Updated:
Feb 17, 2023
“Did you ever dance with the devil in the pale moonlight?”
One thing no-one can say about Nottingham’s WBA featherweight champion, Leigh Wood, is that he does things the easy way. After turning pro in 2011, he paid his dues for a full decade before landing big opportunities. A British title win in 2021 put him on the global map. That was followed by the confusion over former WBA champ, Leo Santa Cruz’s future. With Santa Cruz inactive and dawdling, Wood won the interim world title against the odds. Now that the Mexican’s future has been confirmed to be at super-feather, the man known as ‘Leigh-thal’ has been upgraded to full champion – a proud achievement and one that can never be taken away.
Bearing in mind that his last bout, against Belfast’s mercurial talent, Michael Conlan, was a barnstormer in which both boxers hit the deck, no-one would have begrudged the 34-year-old champion a soft defence this time, even a few soft defences. Following the tried and trusted model of many fledgling world titlists – keep the belt for a while, make some money – no-one could deny he’s earned it. But that’s just not how Leigh Wood rolls.

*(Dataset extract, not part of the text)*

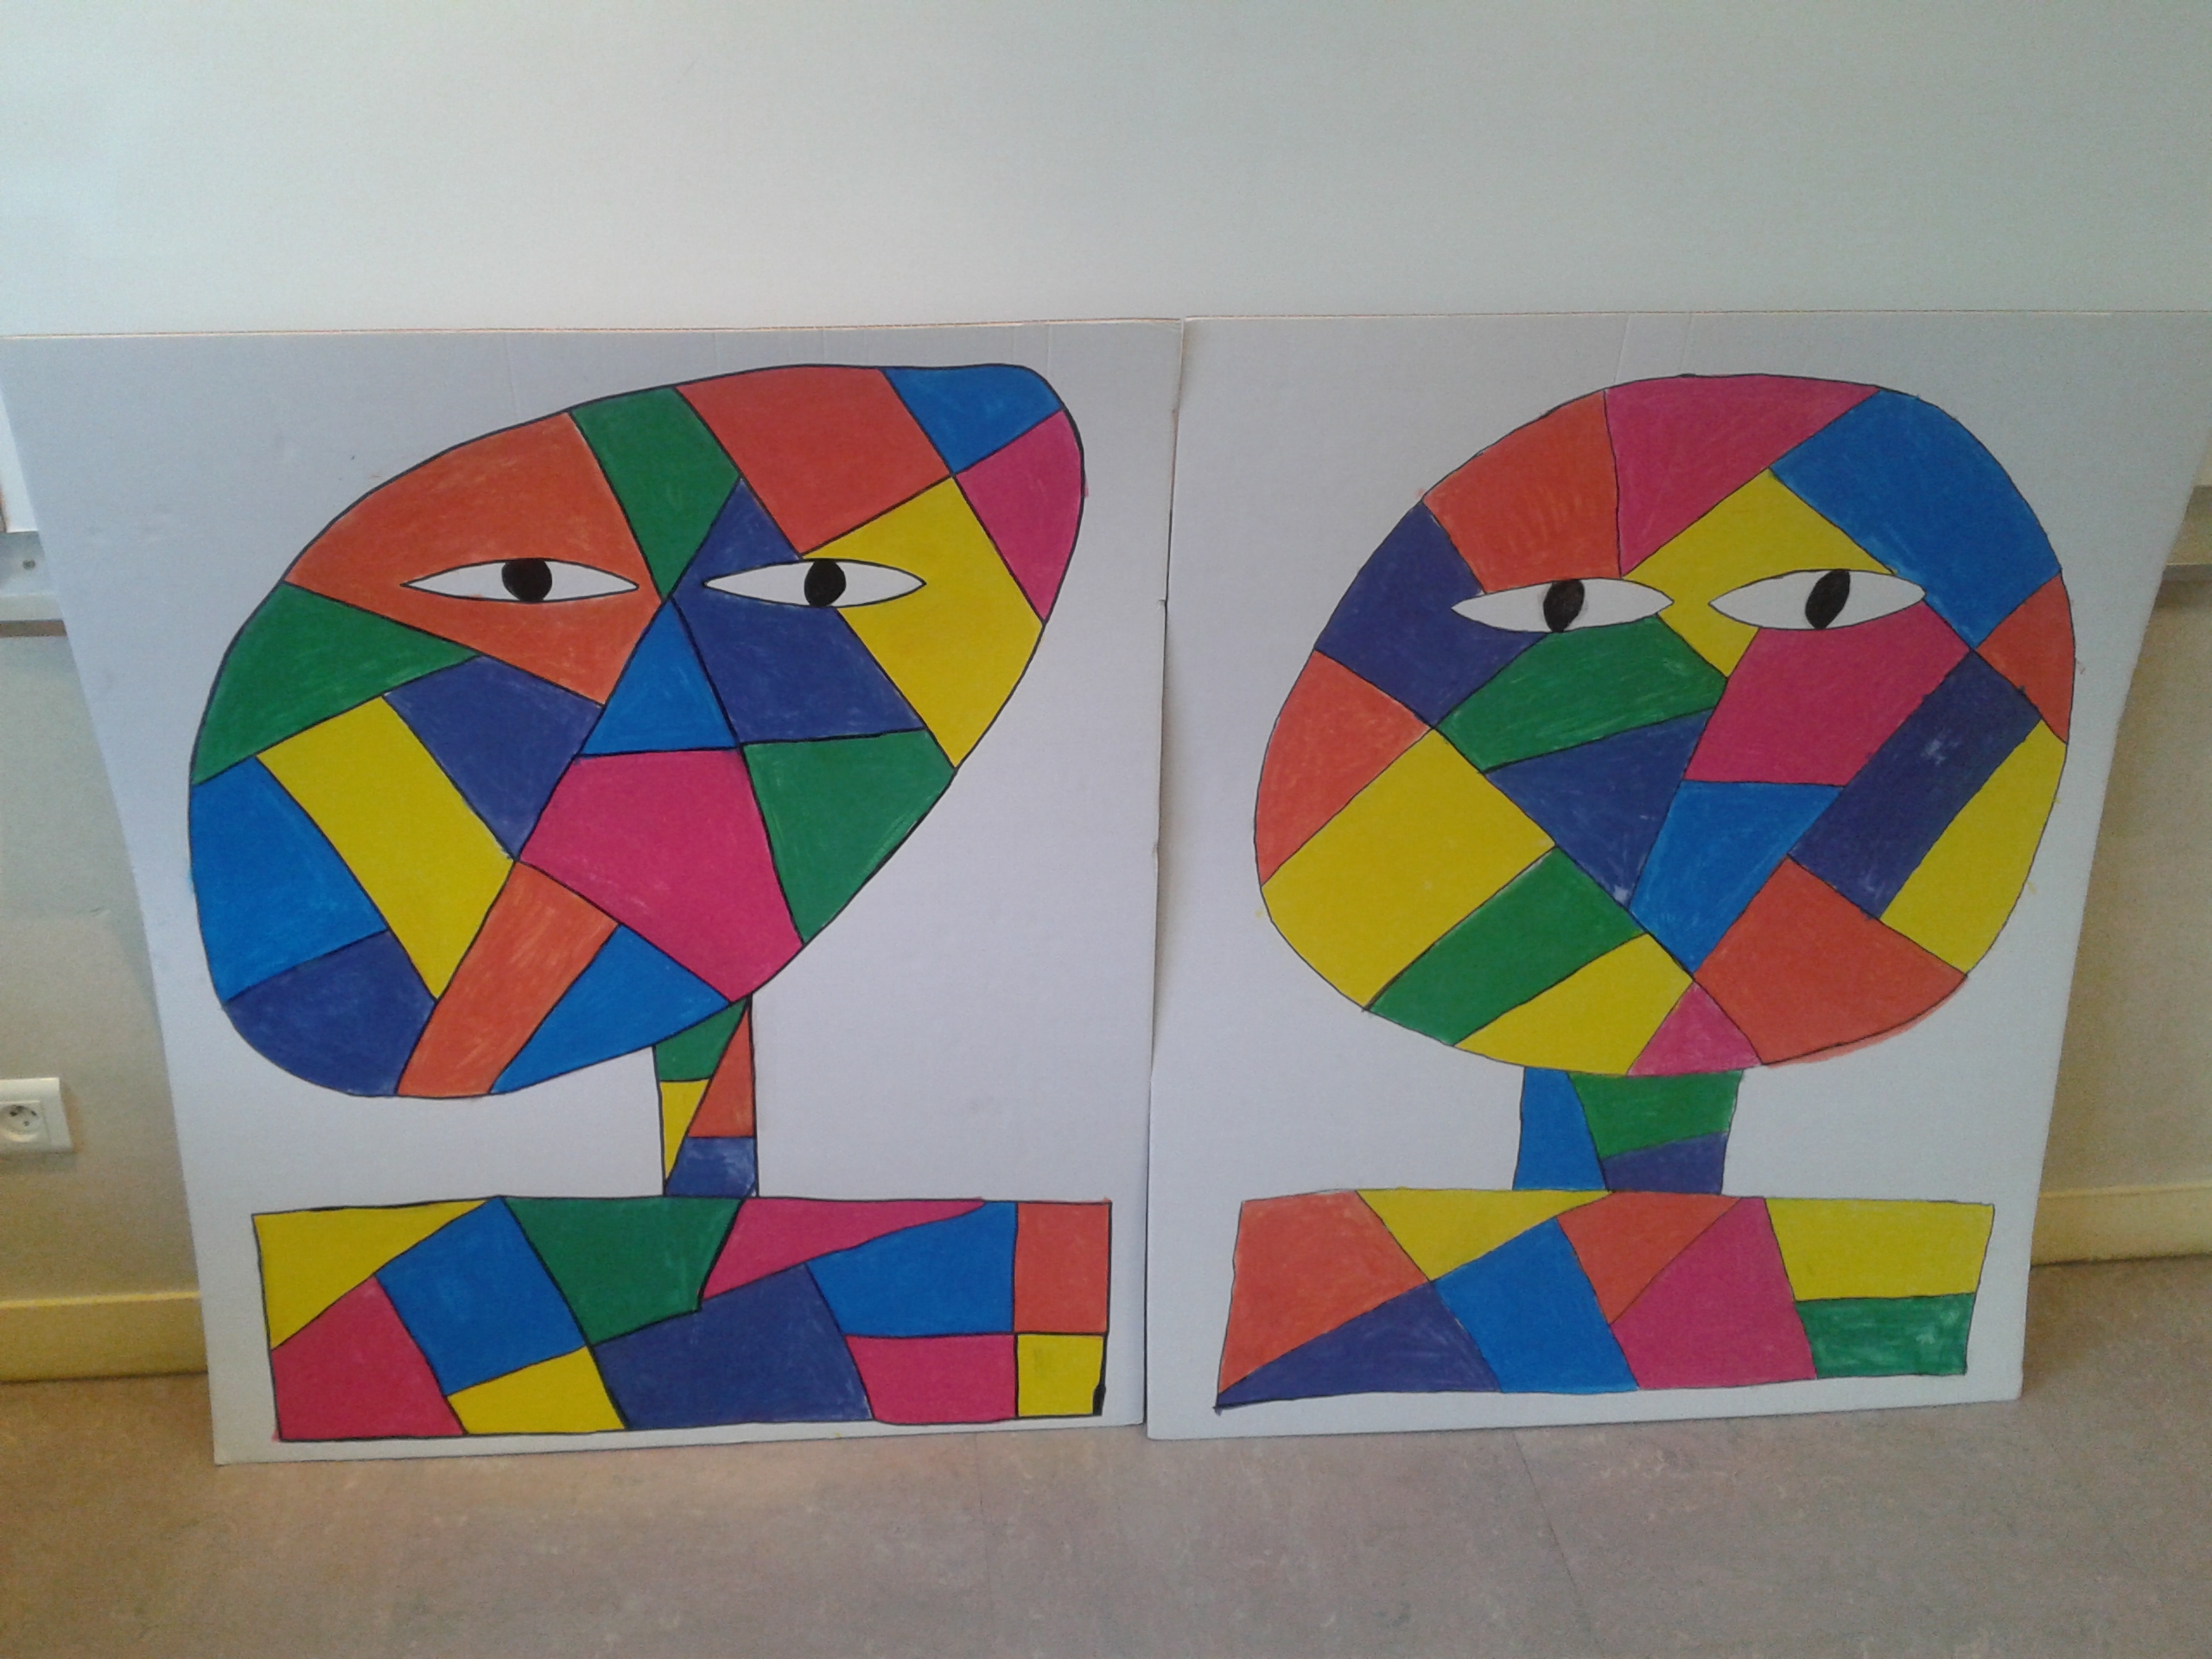 Tableau De Paul Klee La Classe

His challenger on Saturday 18th at the Nottingham Arena, in a fight aptly billed ‘dance with the devil’ is another Mexican. Notoriously tough, as a fighting people, it’s hard to get away from them in the lower weight divisions. This particular Mexican has a lot of people talking, is ten years Wood’s junior and arguably presents a more fearsome test than Santa Cruz would have.

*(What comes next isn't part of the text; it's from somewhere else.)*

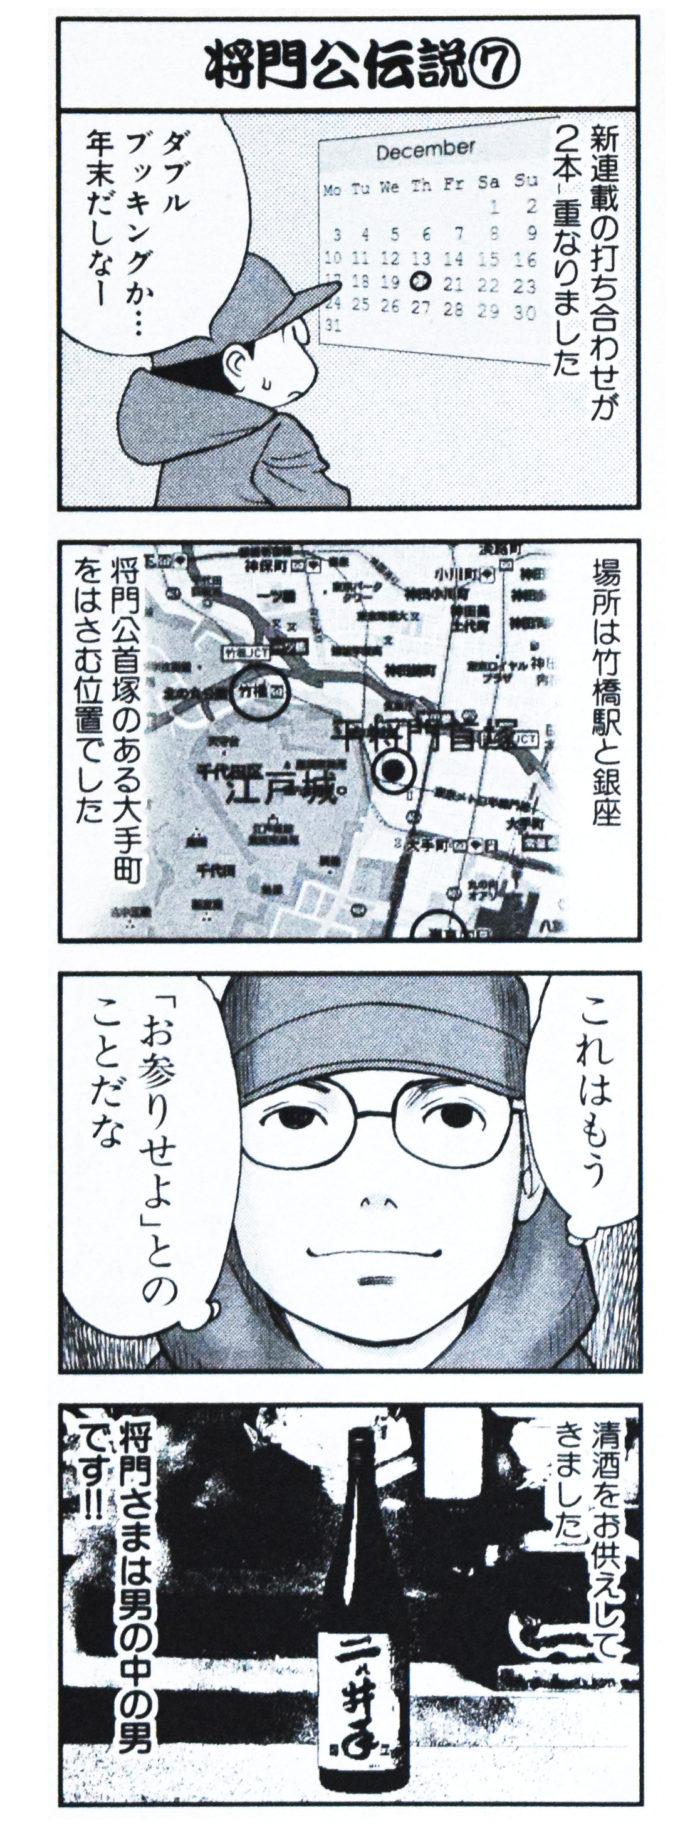 torihada-syoumon03-05

Mauricio ‘Bronco’ Lara is a guy rapidly growing into the role of featherweight division boogeyman. With 18 KOs from 25 wins, including a nine round destruction of former champion Josh Warrington, his punches even sound hard. Like many South Americans, Lara turned pro very young. He toughed it out, survived the baptism of fire, gained his man strength, then blossomed into a fearsome slugger. The two defeats on his record both came when he was still a teenager, while his last two fights, against decent opposition, finished within three rounds apiece. When asked for his own prediction, Lara sat with unblinking eyes and politely suggested that after fighting him, “Wood will need therapy to recover.”
The Nottingham man, for his part, accepts the challenger’s status as favourite. “That underdog mentality, not only do I thrive on it, I kind of need it, but there’s nothing he can bring that I’m not prepared for,” he told the press this week.
Working with trainer Ben Davison, whose own reputation is also on the line following his work with Tyson Fury and Josh Taylor, it’s a very brave fight for Wood to have taken. The real question is whether it’s a sensible one? A win would rocket him into the elite and the prospect of pay per view nights, maybe a stadium fight in his hometown. Meanwhile a loss, especially an obliteration, could well mean retirement.
World In Sport Prediction
Wood has been the underdog in each of his last three or four fights and prevailed. He is tough and fit, and capable of dragging difficult opponents into the later rounds, then capitalising when they tire, as with Conlan.
Lara appears a particularly tricky assignment though. The 24-year-old Mexican has the aura of a champion in waiting, maybe a long term one. We will have a good idea how this will pan out, when we see how Wood’s chin stands up the first time Lara lands clean.
It’s one of those fights that could go several ways. It would not surprise many if it ended in the first couple of rounds. If Wood can weather the early storm, then maybe, just maybe, he does have a chance of stopping the challenger late. That’s a big ‘if’ though.
This should be a firefight and a thoroughly entertaining one to watch. Neither man is hard to hit and both can bang, but Lara has a touch of the Mexican X factor about him.
The challenger to win by stoppage or knockout within the first six rounds.